Hat manipulation is a form of juggling in which the manipulator performs feats of skill and dexterity using a brimmed hat such as a bowler hat or a top hat as a prop. Tricks can range from rolling a hat up and down the various parts of the body to throwing and catching the hat in amusing ways. Hat manipulation is often comedic in nature. Part of the appeal of the art is in the necessary equipment; all that is needed is a good, heavy, brimmed hat, which can be found at many juggling stores. Famous manufacturers of manipulation specific hats are Nils Poll and Dubé. Hat manipulation is also frequently combined with traditional forms of juggling in order to create more varied acts.

Technically, hat manipulation is a form of object manipulation where the hat is the skill toy.

==Types of tricks==
The types of tricks performed during hat manipulation fall into seven major categories. These are:
- Tumbles: Tricks where the hat rotates end over end (possibly over the body).

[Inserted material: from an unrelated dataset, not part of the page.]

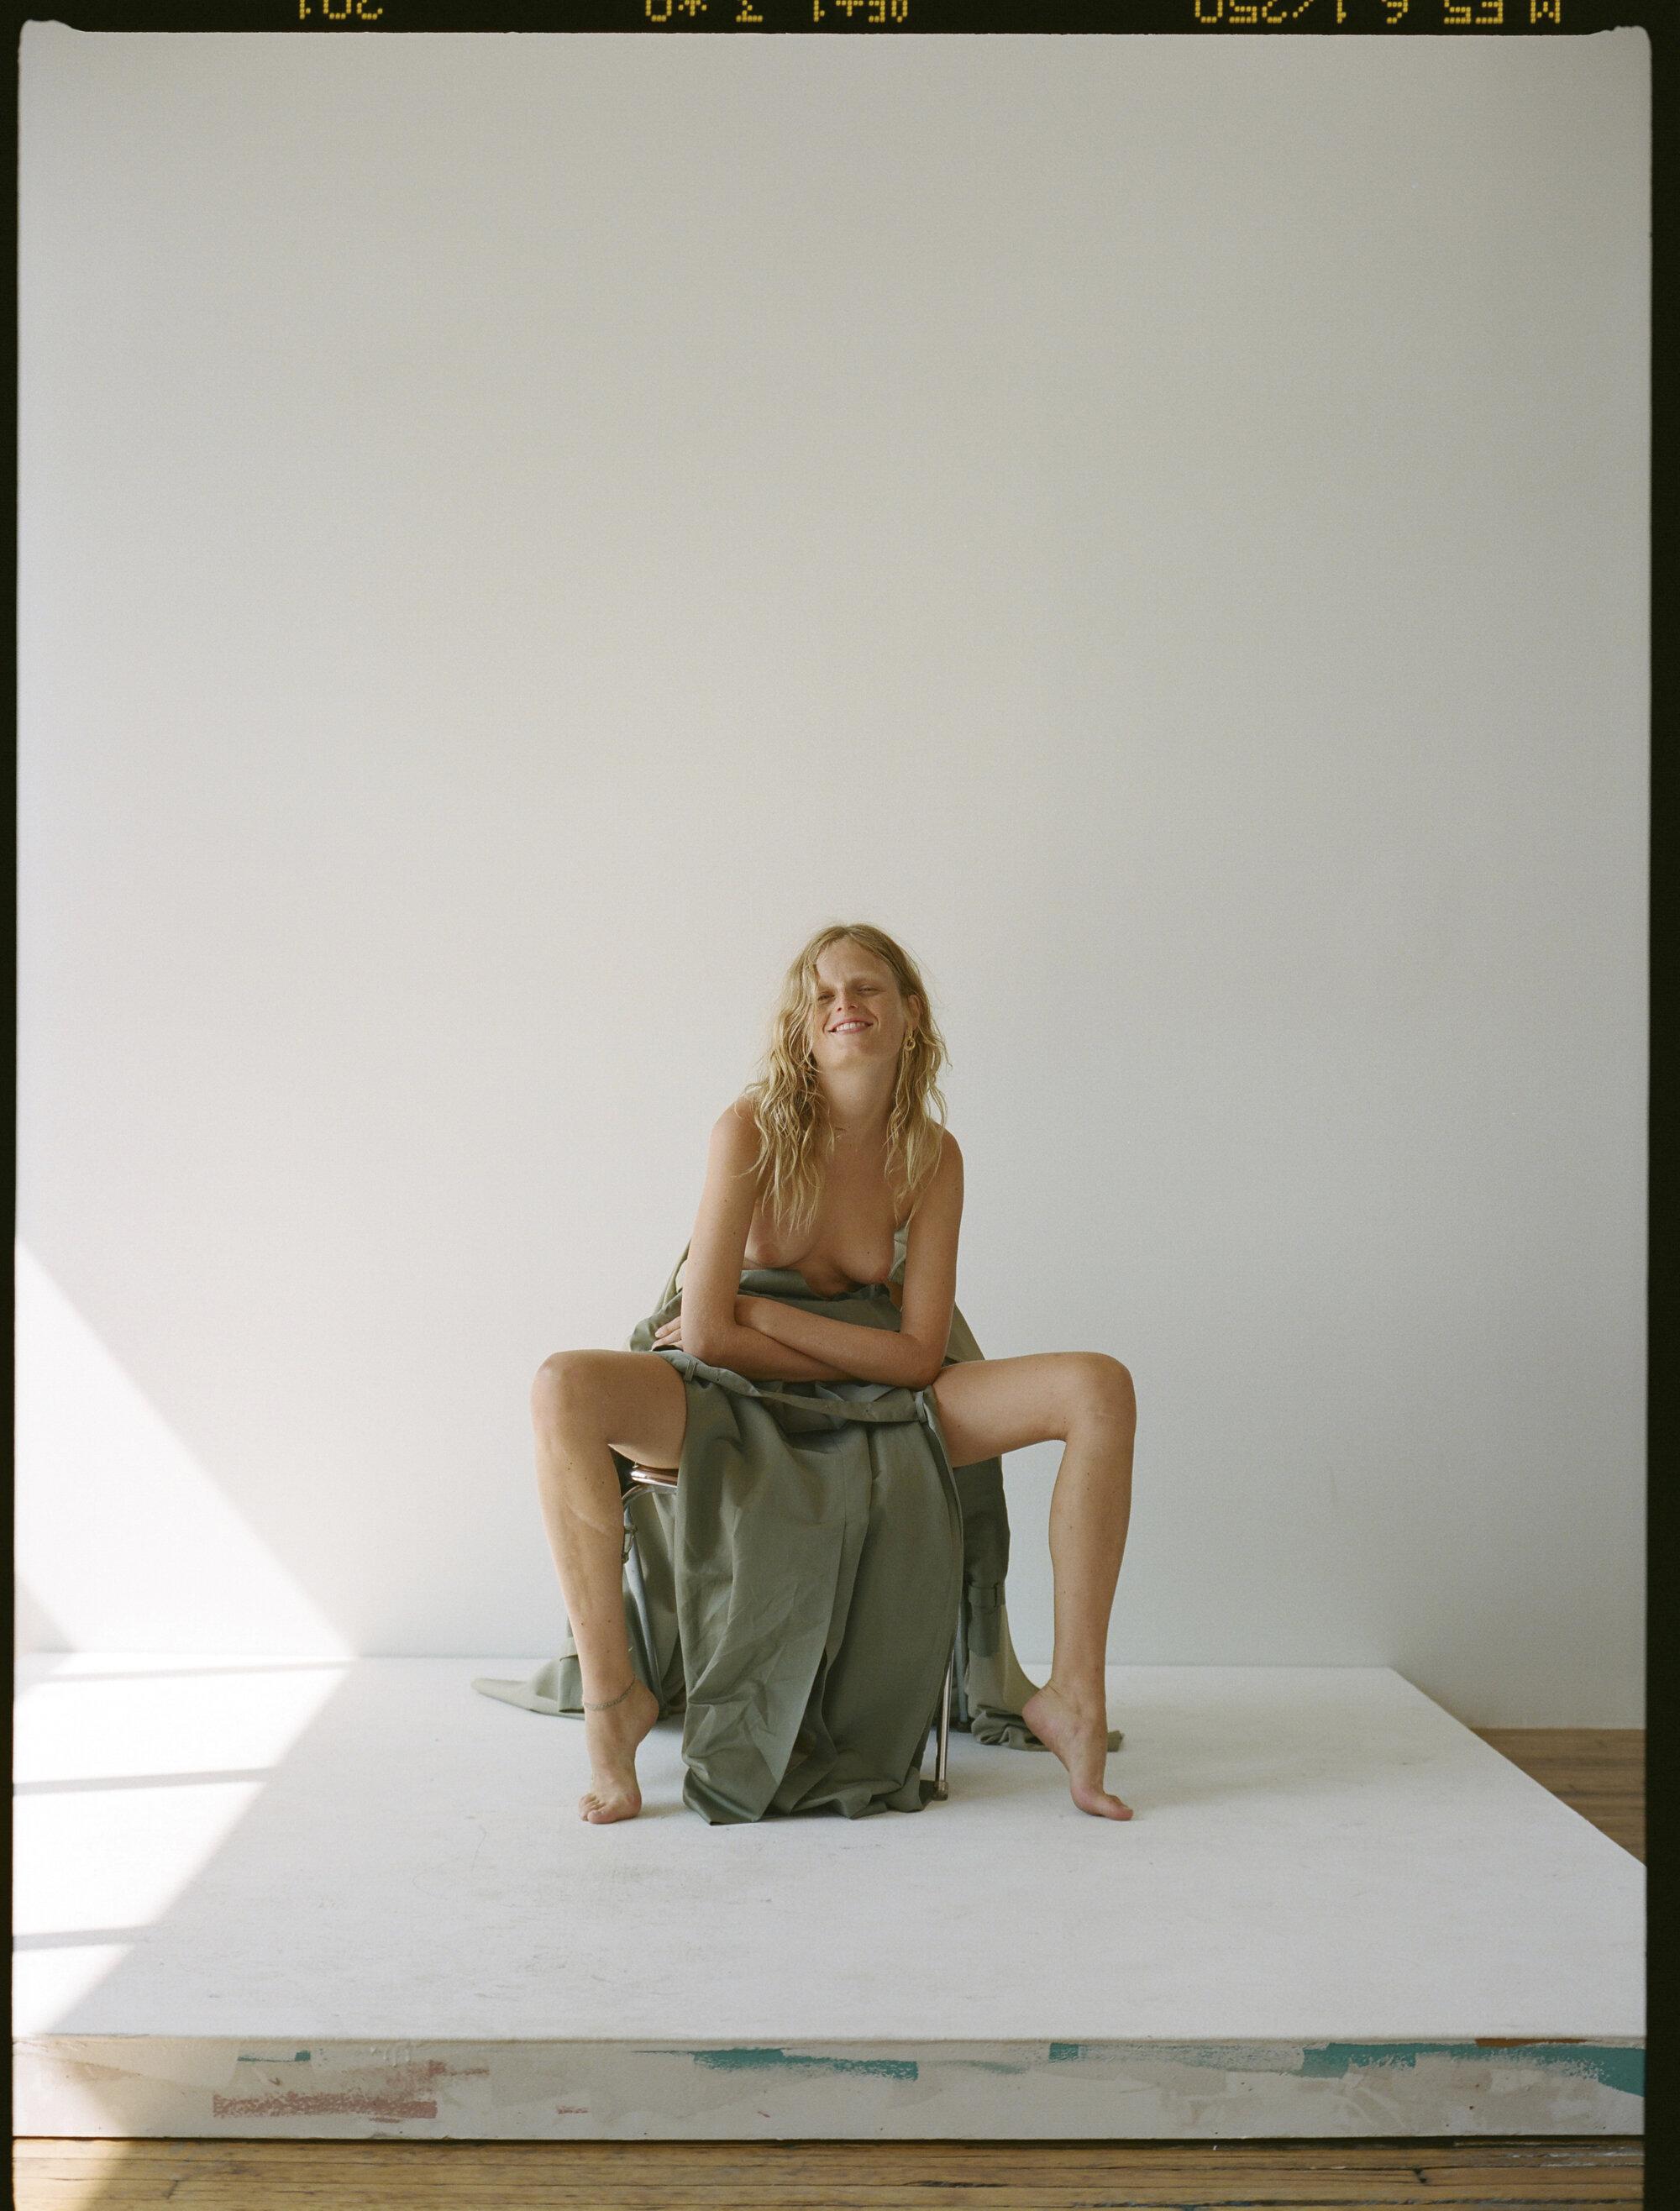 Hanne-Gab-Odiele-by-Mark-Rabadanr-Collection-Issue 5.jpg

- Twiddles: Tricks in which a hat rotates quickly through the fingers.
- Spins: Tricks where the hat spins around its central axis, much like showing off with a basketball.
- Rolls: Tricks involving the hat spinning on its brim like a wheel.
- Throws: Tricks where a hat is thrown into the air.
- Comedy: Gags with the hat intended to make the audience laugh.
- Multi-hat juggling: Juggling 3 or more hats along the lines of normal juggling.